OpenAIRE has collected and interlinked scholarly data from various openly available sources for over ten years. In December 2019, this open science network released the OpenAIRE Research Graph(Manghi, Atzori, et al. 2019), a big scholarly data dump that contains metadata about more than 100 million research publications and 8 million datasets, as well as the relationships between them. These metadata are furthermore connected to open access locations and disambiguated information about persons, organisations and funders.
Like most big scholarly data dumps, the OpenAIRE Research Graph offers many data analytics opportunities, but working with it is challenging. One reason is the size of the dump. Although the OpenAIRE Research Graph is already split into several files, most of these data files are too large to fit the memory of a moderately equipped laptop, when directly imported into computing environments like R. Another challenge is the format. The dump consists of compressed XML-files following the comprehensive OpenAIRE data model(Manghi, Bardi, et al. 2019), from which only certain elements may be needed for a specific data analysis.

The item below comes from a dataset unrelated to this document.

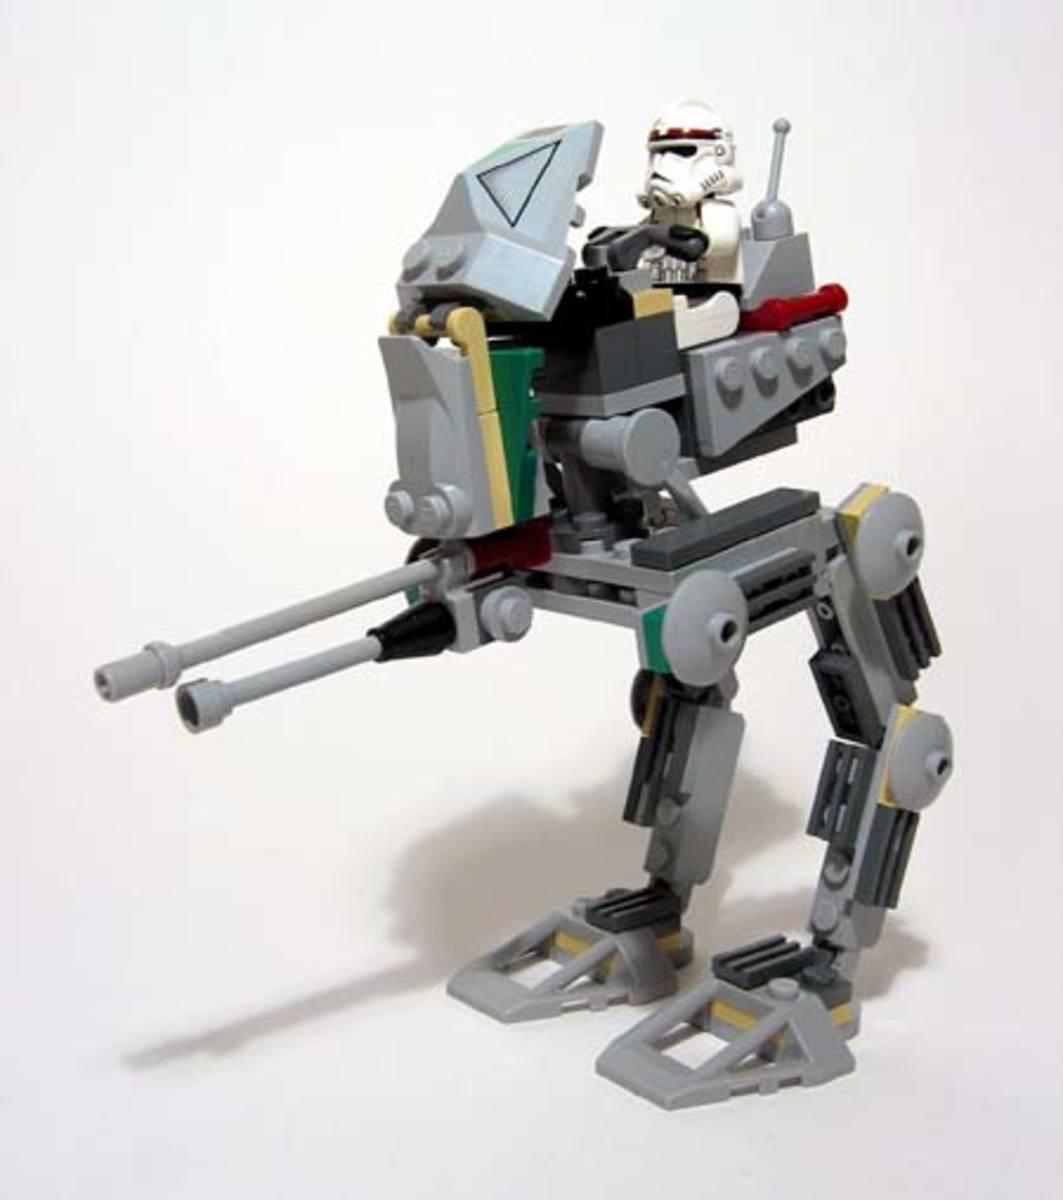 LEGO Star Wars Clone Scout Walker 7250 Assembled

In this blog post, I introduce the R package openairegraph, an experimental effort, that helps to transform the large OpenAIRE Research Graph dumps into relevant small datasets for analysis. These tools aim at data analysts and researchers alike who wish to conduct their own analysis using the OpenAIRE Research Graph, but are wary of handling its large data dumps. Focusing on grant-supported research results from the European Commission’s Horizon 2020 framework programme (H2020), I present how to subset and analyse the graph using this openairegraph. My analytical use case is to benchmark the open access activities of grant-supported projects affiliated with the University of Göttingen against the overall uptake across the H2020 funding activities.

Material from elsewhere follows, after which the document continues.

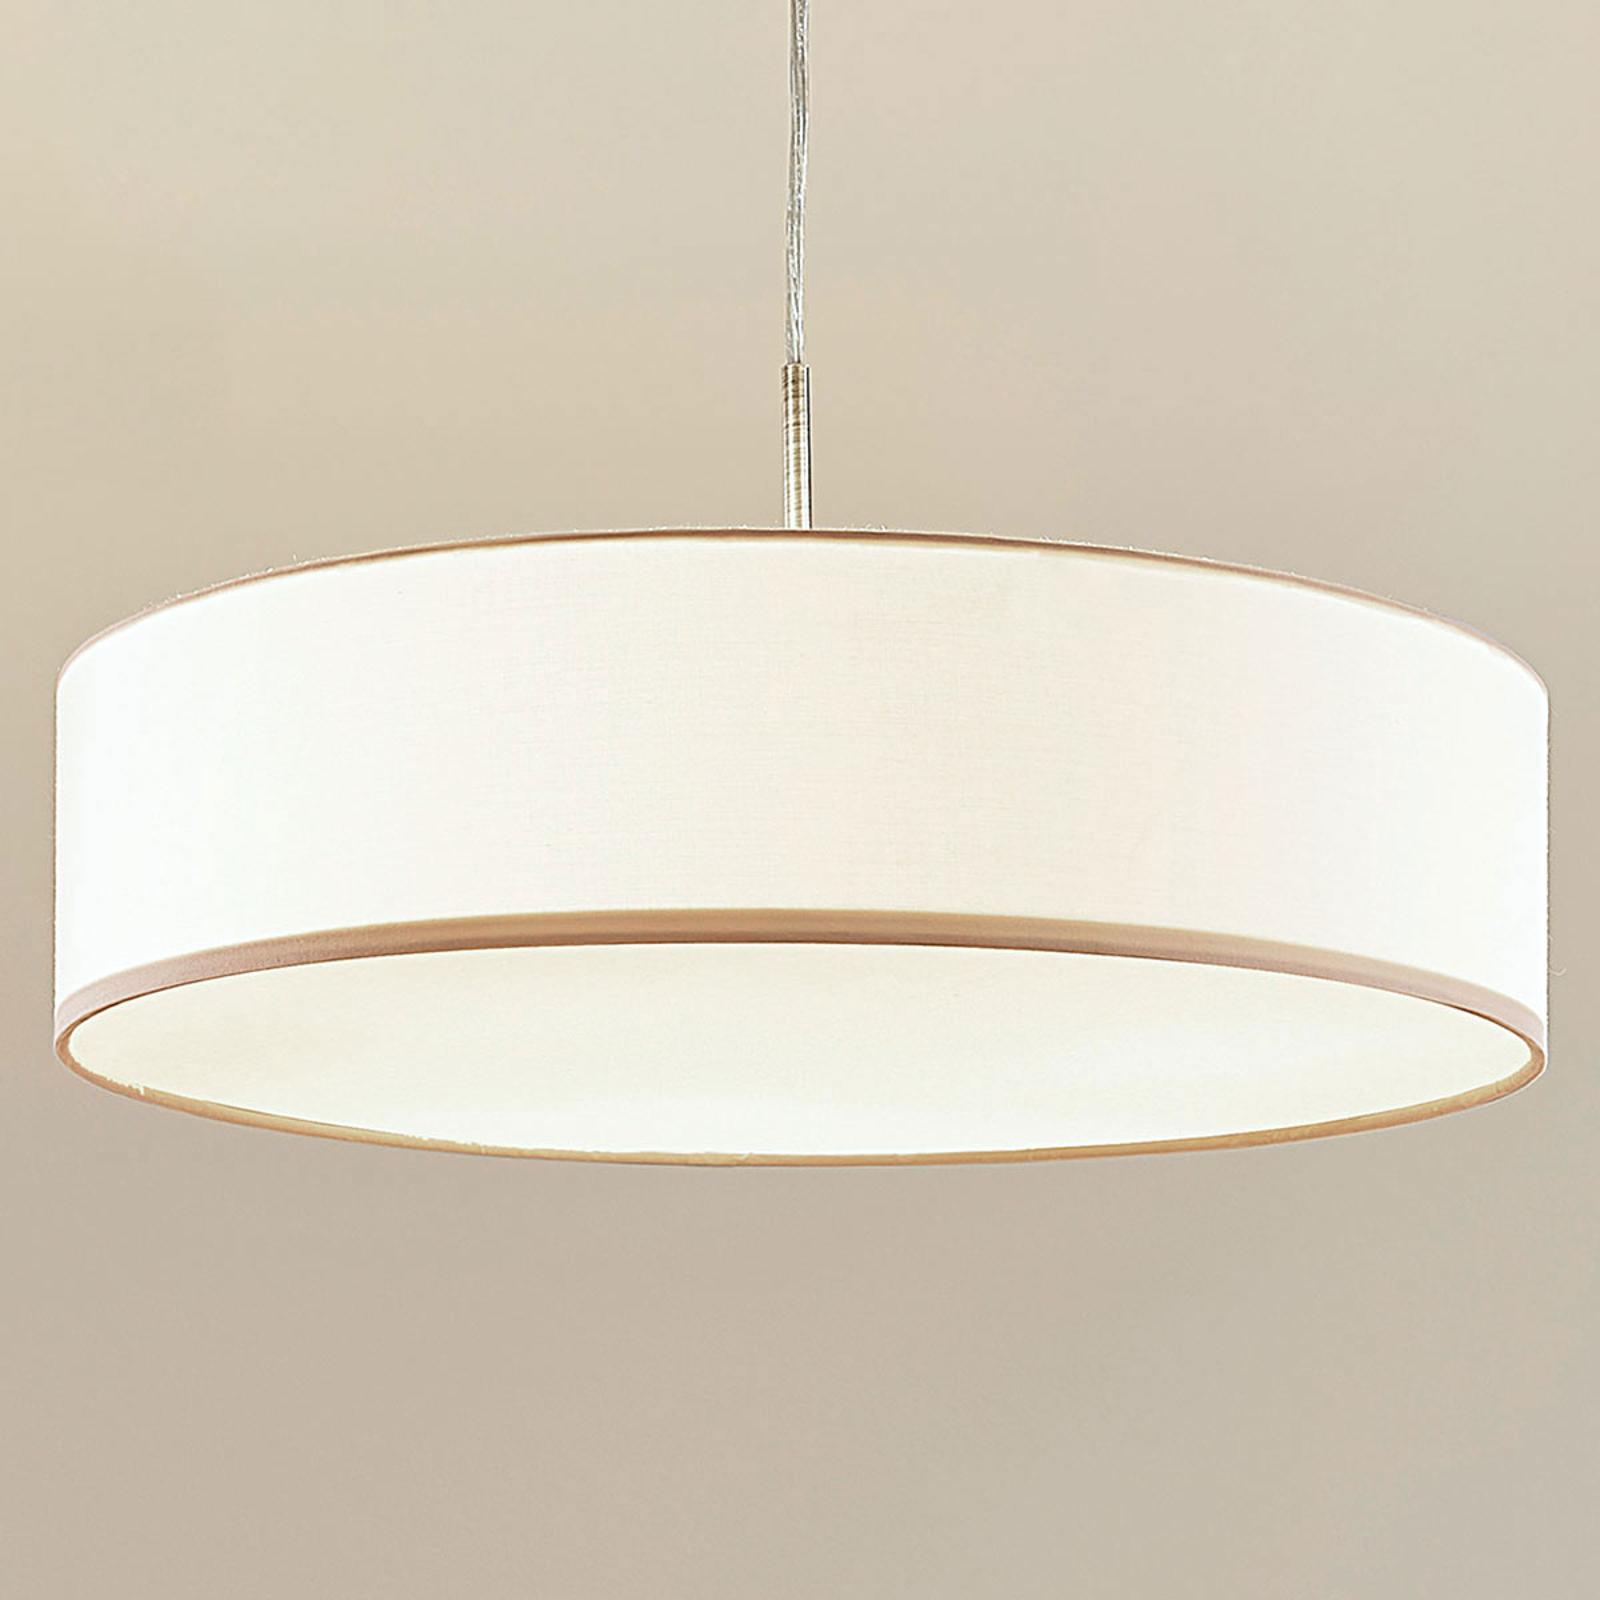 Kremowa lampa wisząca LED SEBATIN z materiału

openairegraph about?So far, the R package openairegraph, which is available on GitHub as a development version, has two sets of functions. The first set provides helpers to split a large OpenAIRE Research Graph data dump into separate, de-coded XML records that can be stored individually. The other set consists of parsers that convert data from these XML files to a table-like representation following the tidyverse philosophy, a popular approach and toolset for doing data analysis with R (Wickham et al. 2019). Splitting, de-coding and parsing are essential steps before analysing the OpenAIRE Research Graph.

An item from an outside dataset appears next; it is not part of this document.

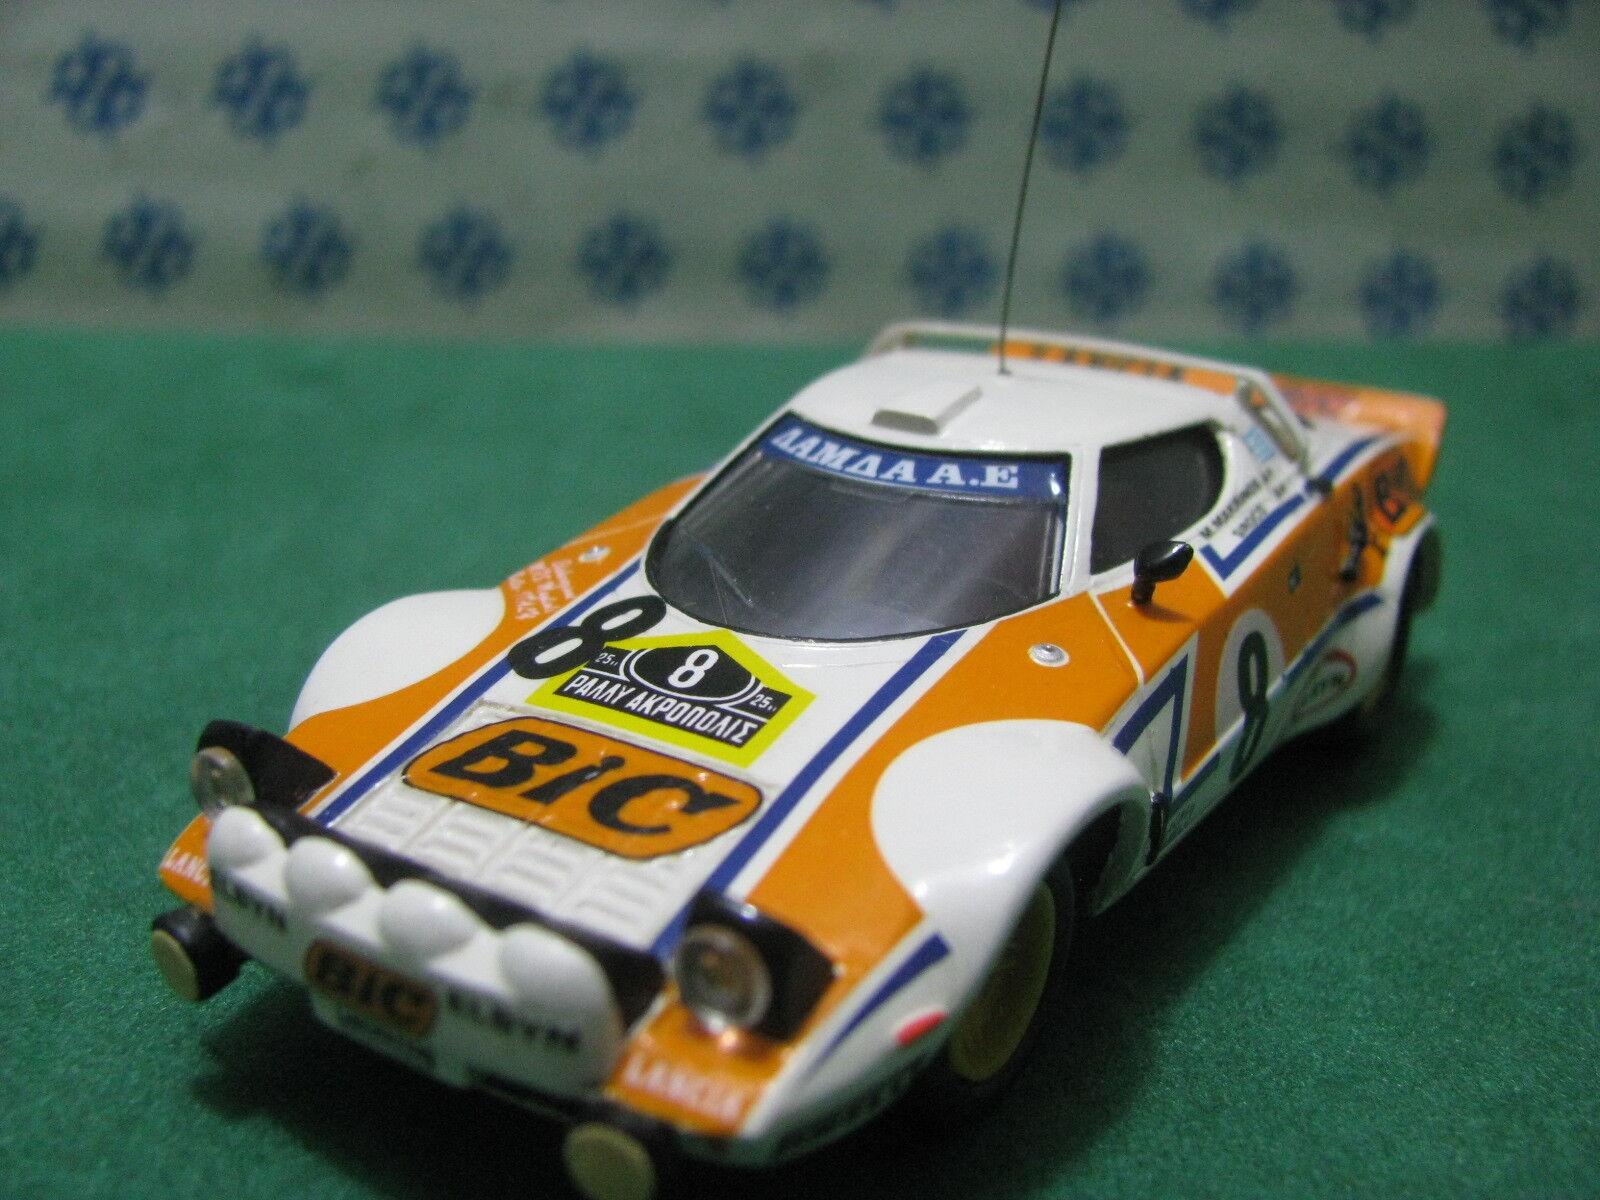 Vintage - LANCE STRATOS 8° Rally Grecia - 1 43 Elab. base Solido

openairegraph can be installed from GitHub using the remotes(Hester et al. 2019) package:
library(remotes)
remotes::install_github("subugoe/openairegraph")Several dumps from the OpenAIRE Research Graph are available on Zenodo(Manghi, Atzori, et al. 2019). So far, I tested openairegraph to work with the dump h2020_results.gz, which comprises research outputs funded by the European Commission’s Horizon 2020 funding programme (H2020).
After downloading it, the file can be imported into R using the jsonlite package(Ooms 2014). The following example shows that each line contains a record identifier and the corresponding Base64-encoded XML file. Base64 is a standard that allows file compression in a text-based format.
library(jsonlite) # tools to work with json files
library(tidyverse) # tools from the tidyverse useful for data analysis
# download the file from Zenodo and store it locally
oaire <- jsonlite::stream_in(file("data/h2020_results.gz"), verbose = FALSE) %>%
tibble::as_tibble()
oaire
#> # A tibble: 92,218 × 2
#> `_id`$`$oid` body$`$binary` $`$type`
#> <chr> <chr> <chr>
#> 1 5dbc22f81e82127b58c41073 UEsDBBQACAgIAIRiYU8AAAAAAAAAAAAA… 00
#> 2 5dbc22f9b531c546e838683d UEsDBBQACAgIAIRiYU8AAAAAAAAAAAAA… 00
#> 3 5dbc22fa45e3122d97bdb313 UEsDBBQACAgIAIViYU8AAAAAAAAAAAAA… 00
#> 4 5dbc22fa45e3122d97bdb31e UEsDBBQACAgIAIViYU8AAAAAAAAAAAAA… 00
#> 5 5dbc22fa4e0c061a4d17b85d UEsDBBQACAgIAIViYU8AAAAAAAAAAAAA… 00
#> 6 5dbc22fb81f3c12c00238e25 UEsDBBQACAgIAIViYU8AAAAAAAAAAAAA… 00
#> 7 5dbc22fb895be12461552bf0 UEsDBBQACAgIAIViYU8AAAAAAAAAAAAA… 00
#> 8 5dbc22fbe56570673e1bf884 UEsDBBQACAgIAIViYU8AAAAAAAAAAAAA… 00
#> 9 5dbc22fc81f3c12bfe83e3b6 UEsDBBQACAgIAIViYU8AAAAAAAAAAAAA… 00
#> 10 5dbc22fcb531c546e838688a UEsDBBQACAgIAIZiYU8AAAAAAAAAAAAA… 00
#> # … with 92,208 more rowsThe function openairegraph::oarg_decode() splits and de-codes each record. Storing the records individually allows to process the files independent from each other, which is a common approach when working with big data.
library(openairegraph)
openairegraph::oarg_decode(oaire, records_path = "data/records/",
limit = 500, verbose = FALSE)
openairegraph::oarg_decode() writes out each XML-formatted record as a zip file to a specified folder. Because the dumps are quite large, the function furthermore has a parameter that allows setting a limit, which is helpful for inspecting the output first. By default, a progress bar presents the current state of the process.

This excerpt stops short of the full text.